EXERCISE:
What's required is a verbatim printout of all the data.

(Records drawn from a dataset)
*** Begin section ***
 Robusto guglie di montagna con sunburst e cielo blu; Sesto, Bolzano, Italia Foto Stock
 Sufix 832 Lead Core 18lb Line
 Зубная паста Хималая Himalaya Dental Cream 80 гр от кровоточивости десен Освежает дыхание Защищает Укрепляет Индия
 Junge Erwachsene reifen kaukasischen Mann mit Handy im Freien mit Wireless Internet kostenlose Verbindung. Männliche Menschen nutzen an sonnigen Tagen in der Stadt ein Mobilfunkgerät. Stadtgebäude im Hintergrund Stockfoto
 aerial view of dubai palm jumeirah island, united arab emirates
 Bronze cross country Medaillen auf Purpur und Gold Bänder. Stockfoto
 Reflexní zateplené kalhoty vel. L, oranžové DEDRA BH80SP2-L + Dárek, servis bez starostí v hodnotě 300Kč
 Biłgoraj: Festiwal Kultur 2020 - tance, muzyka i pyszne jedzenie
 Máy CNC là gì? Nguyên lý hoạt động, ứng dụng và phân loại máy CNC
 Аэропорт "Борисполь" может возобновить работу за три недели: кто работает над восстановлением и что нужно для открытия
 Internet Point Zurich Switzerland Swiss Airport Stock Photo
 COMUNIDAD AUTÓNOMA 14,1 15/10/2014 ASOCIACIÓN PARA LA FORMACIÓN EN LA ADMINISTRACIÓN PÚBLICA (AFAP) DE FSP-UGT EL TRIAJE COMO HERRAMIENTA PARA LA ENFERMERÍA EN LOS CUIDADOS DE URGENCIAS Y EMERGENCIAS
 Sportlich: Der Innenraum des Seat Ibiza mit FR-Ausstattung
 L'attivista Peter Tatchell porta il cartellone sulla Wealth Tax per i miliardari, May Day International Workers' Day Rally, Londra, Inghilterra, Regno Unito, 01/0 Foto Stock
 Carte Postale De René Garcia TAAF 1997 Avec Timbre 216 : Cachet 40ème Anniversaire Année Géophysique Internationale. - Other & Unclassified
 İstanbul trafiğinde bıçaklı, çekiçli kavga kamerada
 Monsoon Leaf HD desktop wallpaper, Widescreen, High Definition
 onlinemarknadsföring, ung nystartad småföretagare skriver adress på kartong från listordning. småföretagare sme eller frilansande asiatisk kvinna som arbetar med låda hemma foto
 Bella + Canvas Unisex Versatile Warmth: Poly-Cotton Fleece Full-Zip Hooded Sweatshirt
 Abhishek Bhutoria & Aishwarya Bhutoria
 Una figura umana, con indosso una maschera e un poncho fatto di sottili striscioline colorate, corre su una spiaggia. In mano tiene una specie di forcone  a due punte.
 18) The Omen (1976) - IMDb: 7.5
*** End section ***
SOLVED EXERCISE:
 Robusto guglie di montagna con sunburst e cielo blu; Sesto, Bolzano, Italia Foto Stock
 Sufix 832 Lead Core 18lb Line
 Зубная паста Хималая Himalaya Dental Cream 80 гр от кровоточивости десен Освежает дыхание Защищает Укрепляет Индия
 Junge Erwachsene reifen kaukasischen Mann mit Handy im Freien mit Wireless Internet kostenlose Verbindung. Männliche Menschen nutzen an sonnigen Tagen in der Stadt ein Mobilfunkgerät. Stadtgebäude im Hintergrund Stockfoto
 aerial view of dubai palm jumeirah island, united arab emirates
 Bronze cross country Medaillen auf Purpur und Gold Bänder. Stockfoto
 Reflexní zateplené kalhoty vel. L, oranžové DEDRA BH80SP2-L + Dárek, servis bez starostí v hodnotě 300Kč
 Biłgoraj: Festiwal Kultur 2020 - tance, muzyka i pyszne jedzenie
 Máy CNC là gì? Nguyên lý hoạt động, ứng dụng và phân loại máy CNC
 Аэропорт "Борисполь" может возобновить работу за три недели: кто работает над восстановлением и что нужно для открытия
 Internet Point Zurich Switzerland Swiss Airport Stock Photo
 COMUNIDAD AUTÓNOMA 14,1 15/10/2014 ASOCIACIÓN PARA LA FORMACIÓN EN LA ADMINISTRACIÓN PÚBLICA (AFAP) DE FSP-UGT EL TRIAJE COMO HERRAMIENTA PARA LA ENFERMERÍA EN LOS CUIDADOS DE URGENCIAS Y EMERGENCIAS
 Sportlich: Der Innenraum des Seat Ibiza mit FR-Ausstattung
 L'attivista Peter Tatchell porta il cartellone sulla Wealth Tax per i miliardari, May Day International Workers' Day Rally, Londra, Inghilterra, Regno Unito, 01/0 Foto Stock
 Carte Postale De René Garcia TAAF 1997 Avec Timbre 216 : Cachet 40ème Anniversaire Année Géophysique Internationale. - Other & Unclassified
 İstanbul trafiğinde bıçaklı, çekiçli kavga kamerada
 Monsoon Leaf HD desktop wallpaper, Widescreen, High Definition
 onlinemarknadsföring, ung nystartad småföretagare skriver adress på kartong från listordning. småföretagare sme eller frilansande asiatisk kvinna som arbetar med låda hemma foto
 Bella + Canvas Unisex Versatile Warmth: Poly-Cotton Fleece Full-Zip Hooded Sweatshirt
 Abhishek Bhutoria & Aishwarya Bhutoria
 Una figura umana, con indosso una maschera e un poncho fatto di sottili striscioline colorate, corre su una spiaggia. In mano tiene una specie di forcone  a due punte.
 18) The Omen (1976) - IMDb: 7.5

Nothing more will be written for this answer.